The Queensland strip-mining operation involves a fleet of 5-7 excavation machines and up to 40 large dump trucks running nearly continuously. The mining activities are recorded via a truck operations monitoring system, and data from this system is used to inform the business management and operations teams. This information can be used to monitor production rates, and more importantly highlight particular areas which can affect mining performance.
The reporting system working with this data was being decommissioned and Strategenics were commissioned to assess the long-term operations data and provide a robust reporting and data analysis capability.
The solution
Drilling deeper into the data
We undertook several activities as part of this engagement including:
- A re-segmentation of the truck and shovel activities to properly identify production loss causes.
- Calculation of activity data not being explicitly measured by the monitoring system.

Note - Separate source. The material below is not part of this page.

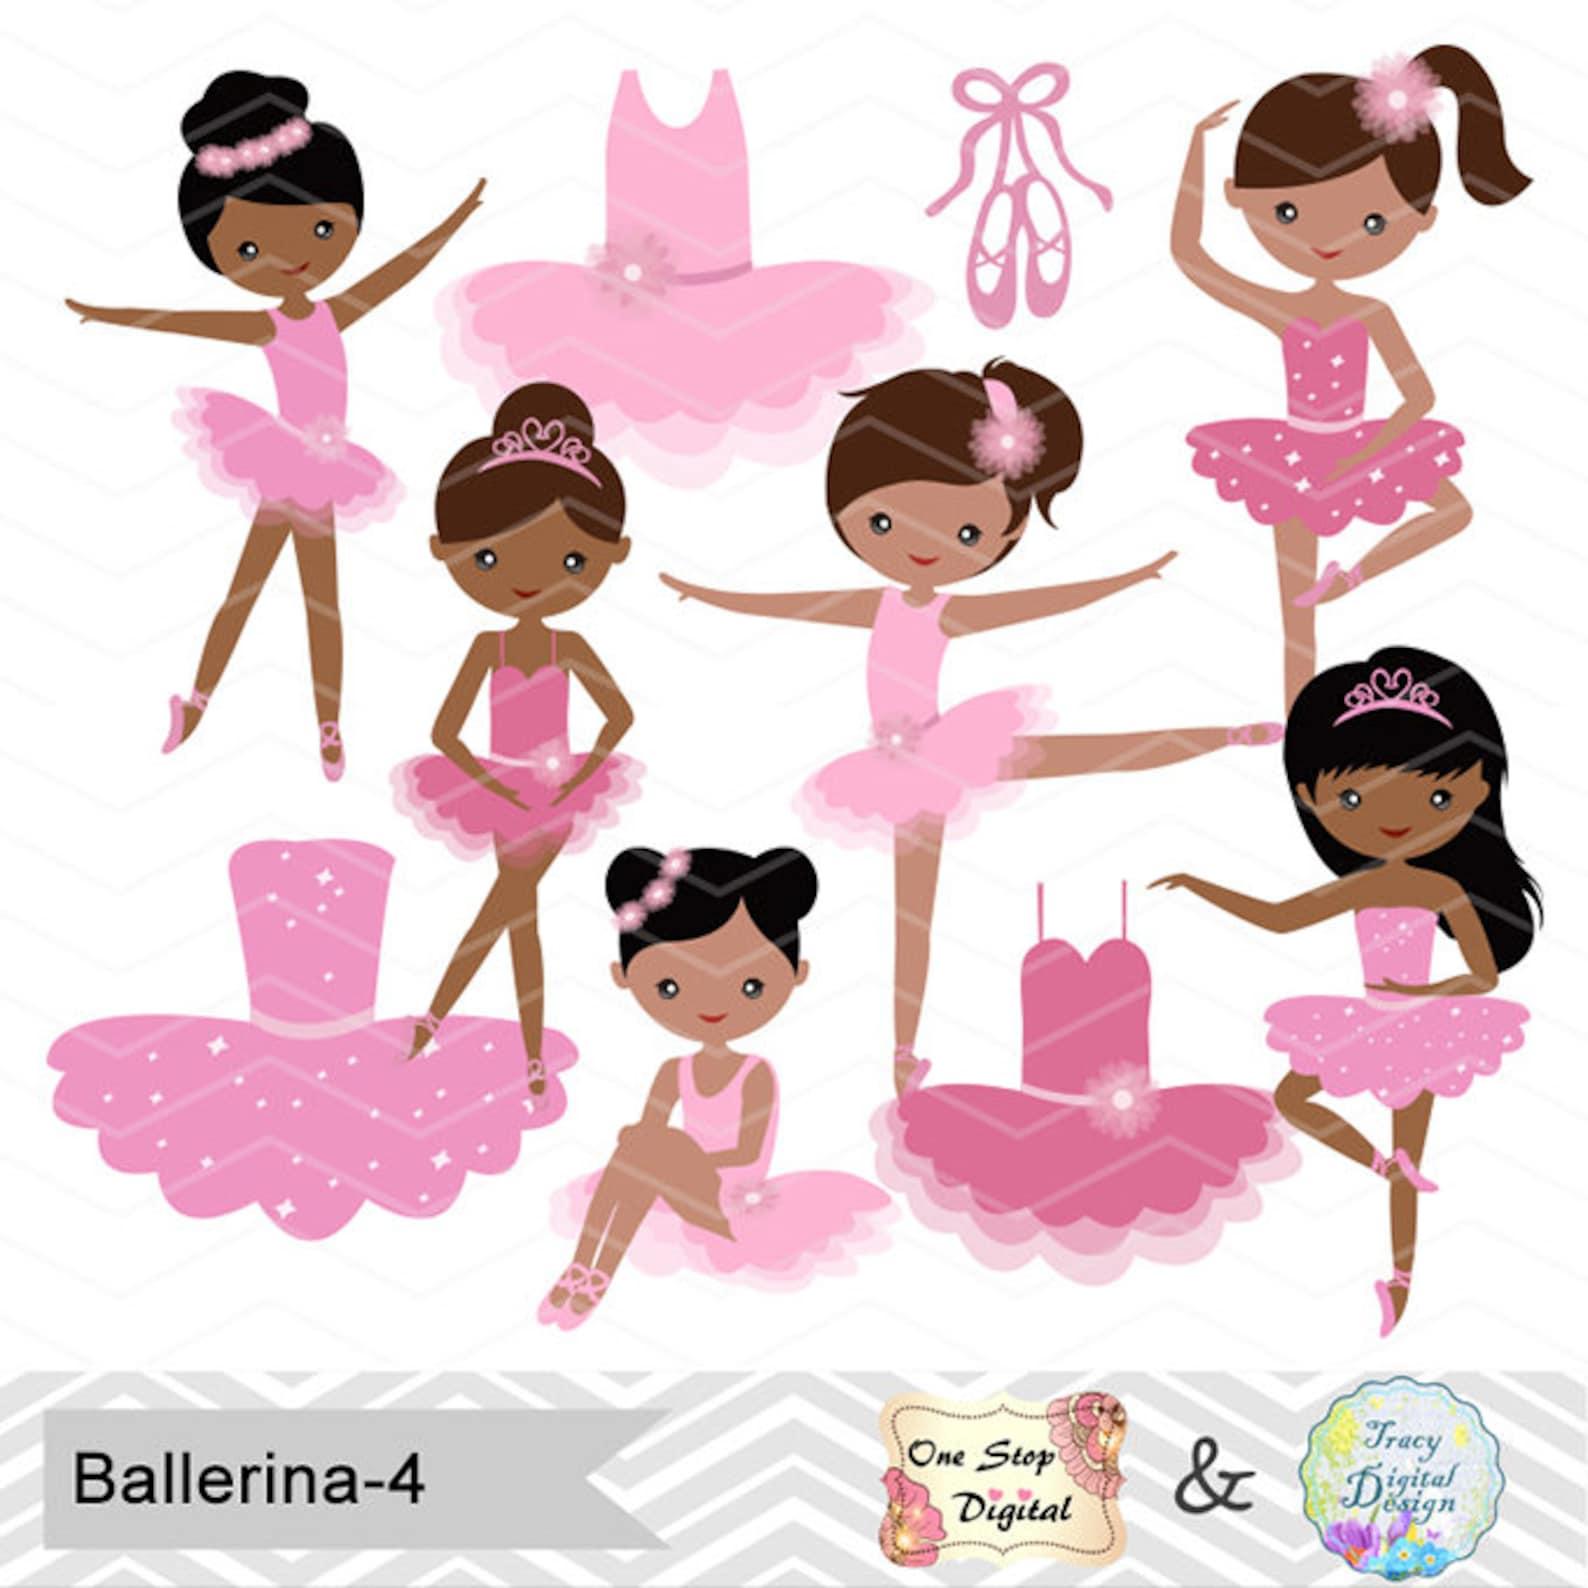 african american ballerina digital clip art, ballet clipart, pink ballet african american girls clip art, pink ballet shoes dres

- Use of statistical methods to recognise and compensate for missing or erroneous data.
- Joining data sets with no common indexes to enhance the analysis.
- Development of data visualisations to deliver a complete, accurate and directed view of mining operations and to highlight areas of potential efficiency gain.
- Amazon Web Services (AWS) was used as the core data analytics platform for storing and joining datasets using Amazon RDS. Analytics software was deployed on AWS using EC2 and S3.
The outcome
Unearthing the gold using smarter reporting tools
AWS and TIBCO Spotfire enabled effective visual data drill-down facilities to be created quickly. These visualisations could be redesigned on demand during stakeholder meetings in response to the analysis being demonstrated. The results immediately showed where the bulk of productivity losses were being incurred, most of which were not apparent using their current reporting system.
The resulting information gained from the analytics was used in a business case to improve the current truck-shovel operations and uplift the mine reporting system.